About: I'm a visual artist and fashion designer. I make pretty things. I post pictures of what I make on my website:

Frosted cookies are a holiday classic.  With a Star Tree Cookie Cutter Set and a few extra sweet treats you can make a lovely holiday scene for the enjoyment of your sweet tooth.  

Lots of photos of the finished project can be seen in Step 11 of this Instructable. 

Step 1: Bake the Cookies

Any cookie recipe that is designed to be rolled-out and cut with cookie cutters works for this project (sugar, butter, gingerbread, etc).

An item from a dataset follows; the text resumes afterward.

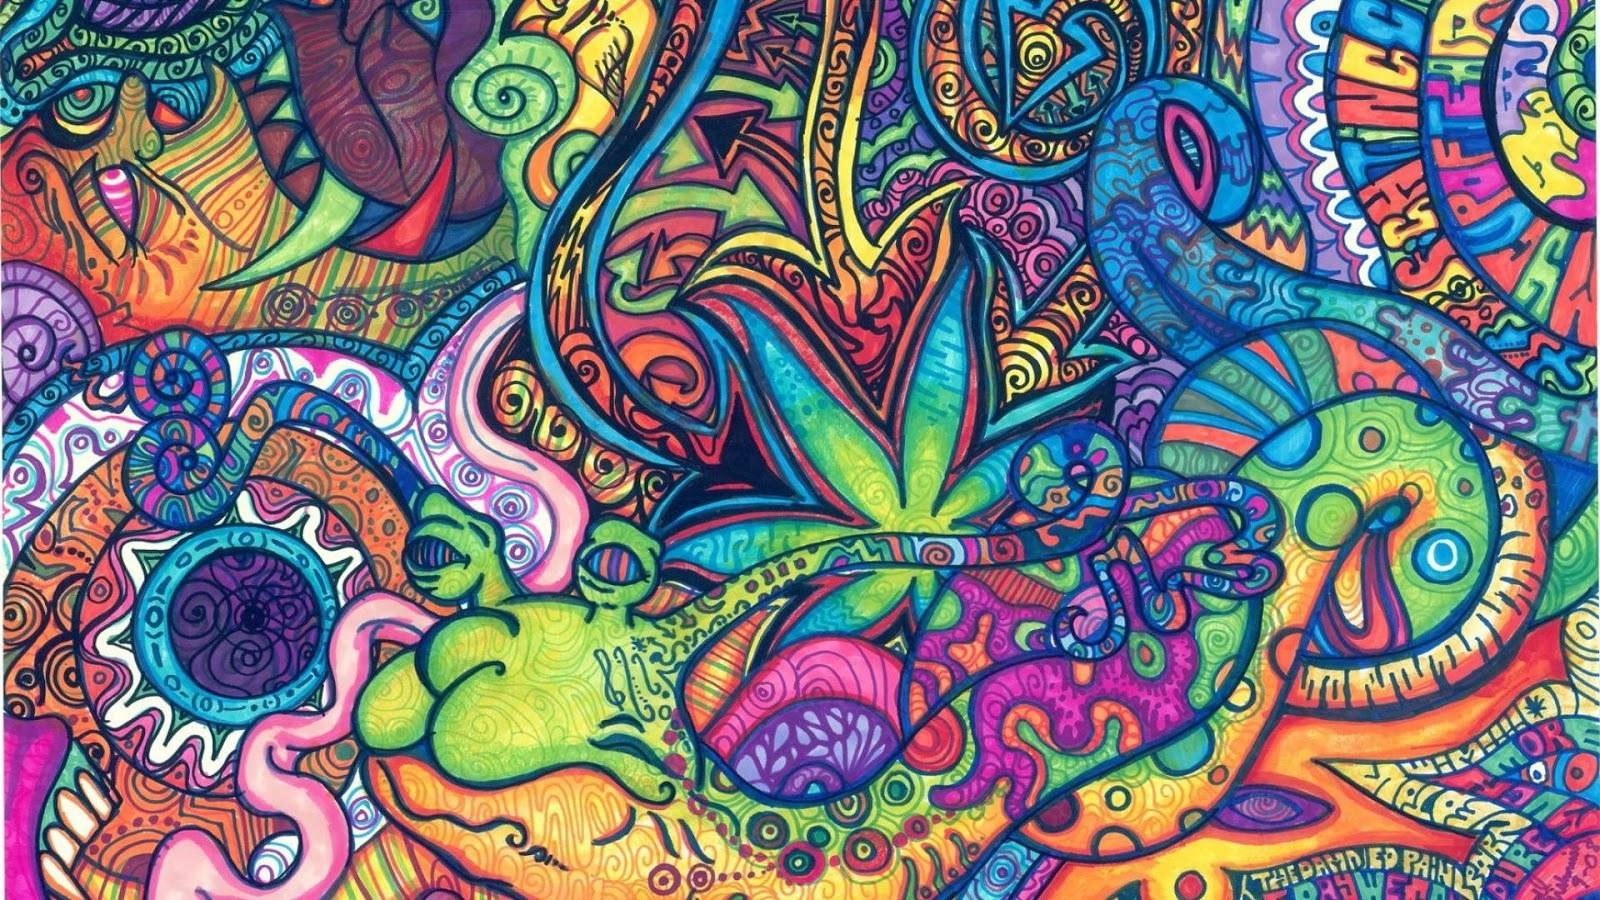 Live Wallpaper 10 Screenshot 3 Psychedelic 4

I used the classic Betty Crocker sugar cookie recipe from my 1950's Betty Crocker cook book because frosted sugar cookies are my favorite holiday treat.

In addition to the ingredients needed to make the roll-out cookie of your choice, you will need:
• Paste Style Food Color (Green and Brown for the cookies - other colors may be desired when decorating)
• Star Tree Cookie Cutter Set
• Parchment Paper
• Rolling Pin
• Oven, timer, oven mits/pot holders, mixer, measuring spoons, etc.

To make a tree like mine, you will need to acquire a star tree cookie cutter set.  These sets come with a varying number of layer sizes.  The set I used has 10 sizes of stars shaped cookie cutters.  I made my tree a bit taller during assembly by using the same size cookie more than once in the final stack.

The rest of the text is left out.